Conergy has secured a $17.4 million grant from the Australian Renewable Energy Agency (ARENA) to build and operate the Lakeland Solar & Storage Project. Nord/LB is also providing debt financing for the project, located at the fringe of Ergon’s grid.
Construction of the solar and storage project, Australia’s first, will begin near the town of Lakeland in Queensland. The final complex will comprise a 10.8MW (AC) solar photovoltaic (PV) plant with 1.4MW/5.3MWh of lithium-ion battery storage.
The plant will combine big battery storage and big solar to generate power for use at night and during peak power usage times.

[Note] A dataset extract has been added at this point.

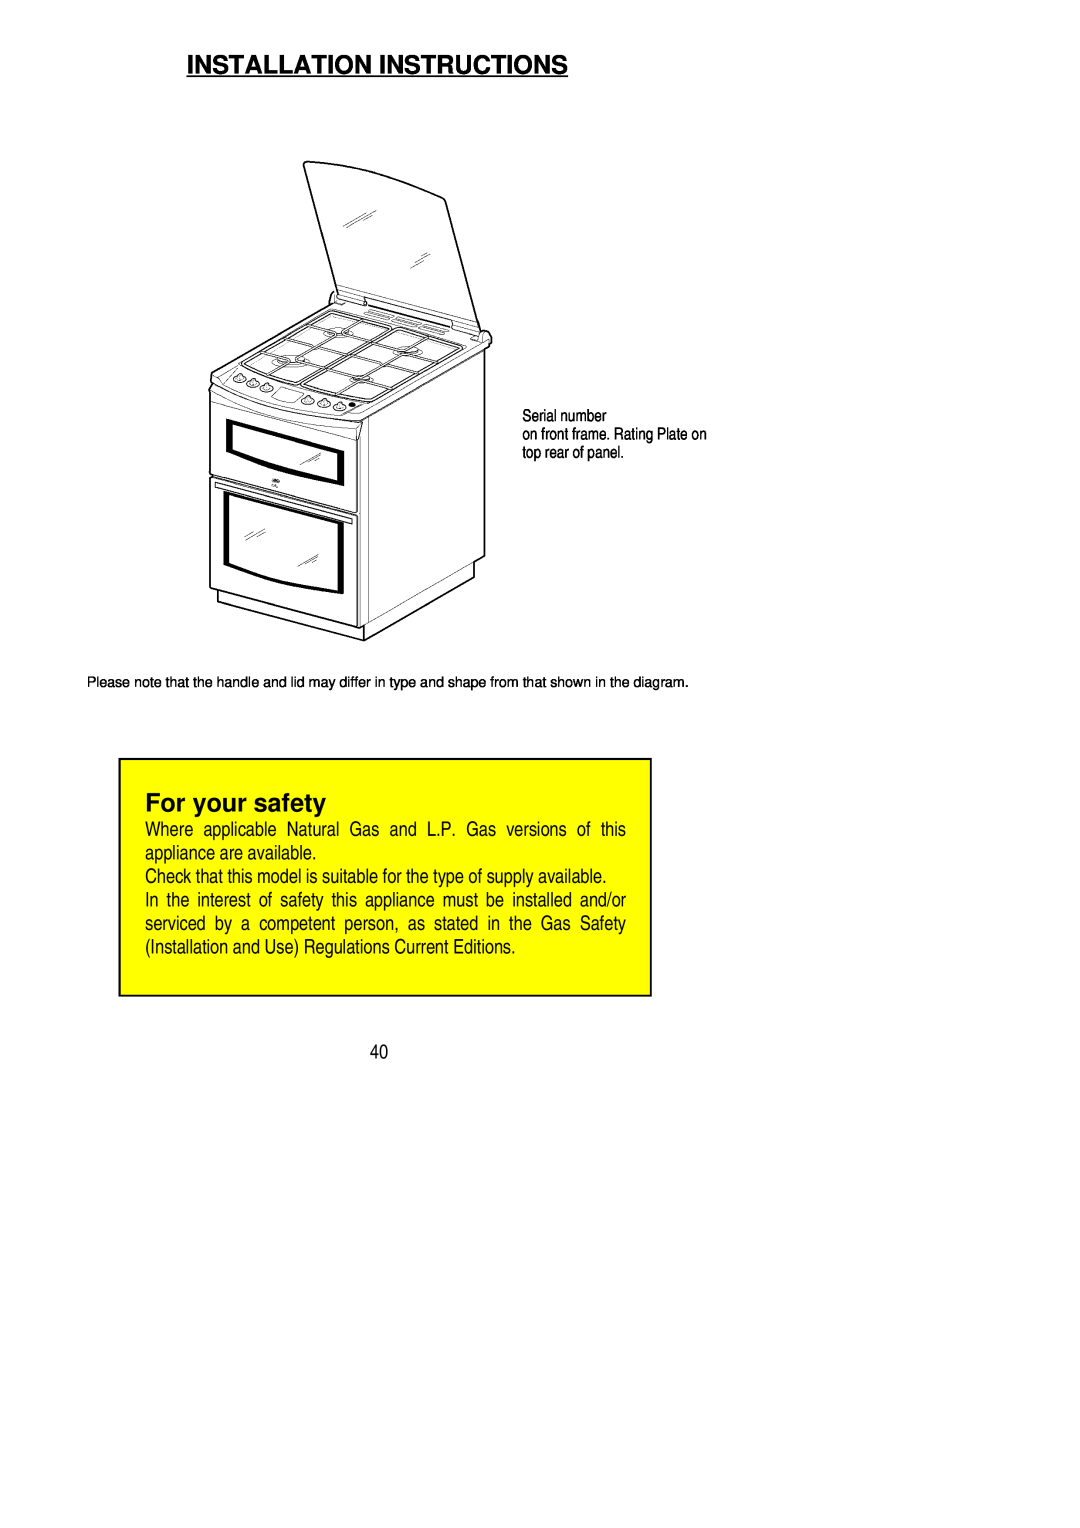 Electrolux CSG 558 installation instructions Installation Instructions, For your safety, Serial number 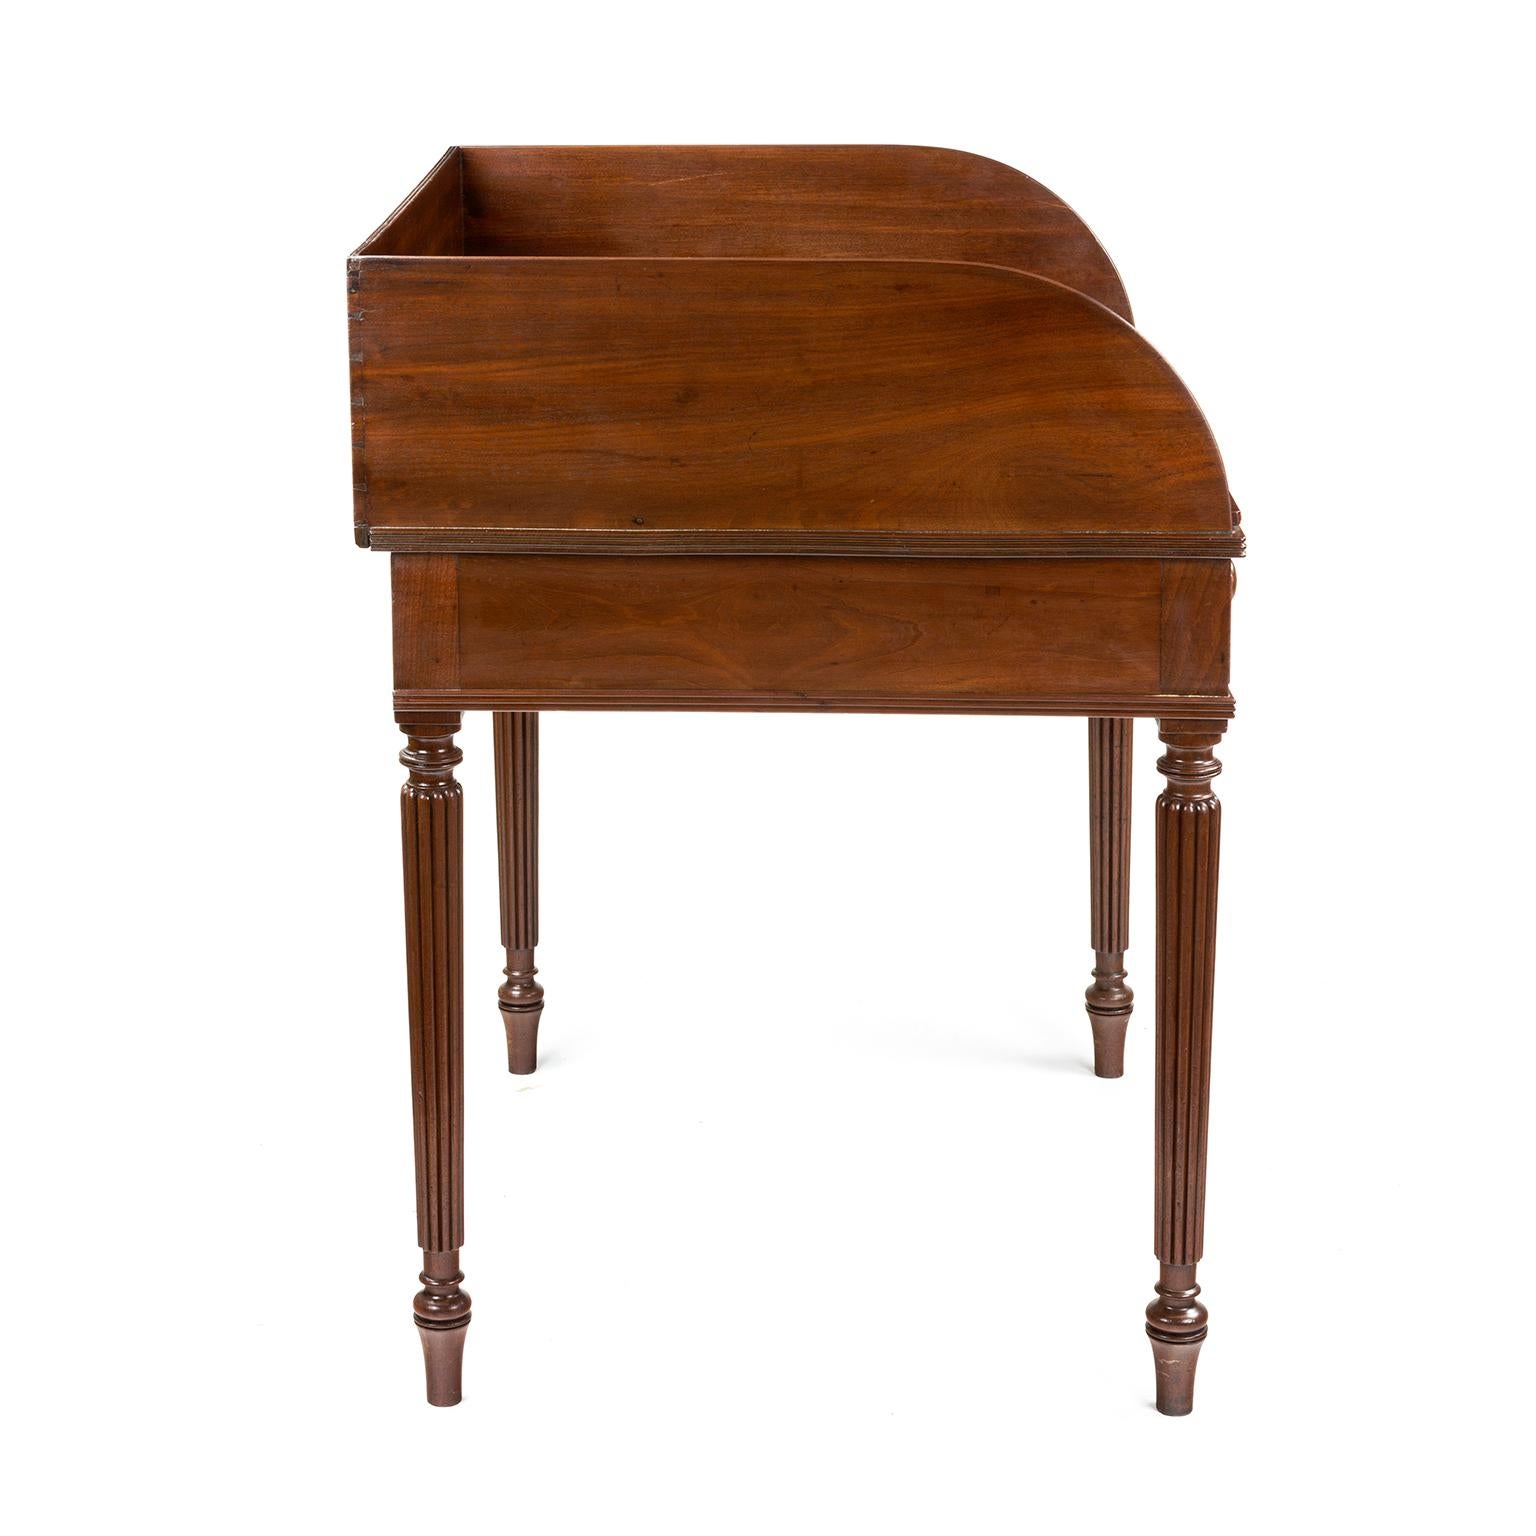 19th Century Regency Gillows wash stand / writing table in Mahogany

Lead lawyer for the deal, NRF global head of energy Simon Currie, said his team was “proud” to have acted for one of the world’s largest solar companies. He suggested plants such as the one to be built near Lakeland would cater to future power needs.
“Solar PV+ is the future and the Lakeland project comprises solar PV+ battery in an on-grid environment,” Mr Currie said.
ARENA CEO Ivor Frischknecht highlighted the benefit of integrating batteries with solar farms, adding that the global shift to renewable energy is underway.
“We know that battery storage will play a critical role in our future energy systems. The benefit of adding batteries to solar farms is simple: they store energy from the sun for use at peak times and overnight. They can also smooth solar energy output on cloudy days,” Mr Frischknecht said.
“The global energy transition is happening faster than many anticipated and Australia is well placed to be a key player. Our growing expertise in integrating renewables and batteries could readily translate into economic opportunities including export dollars in world markets,” he said.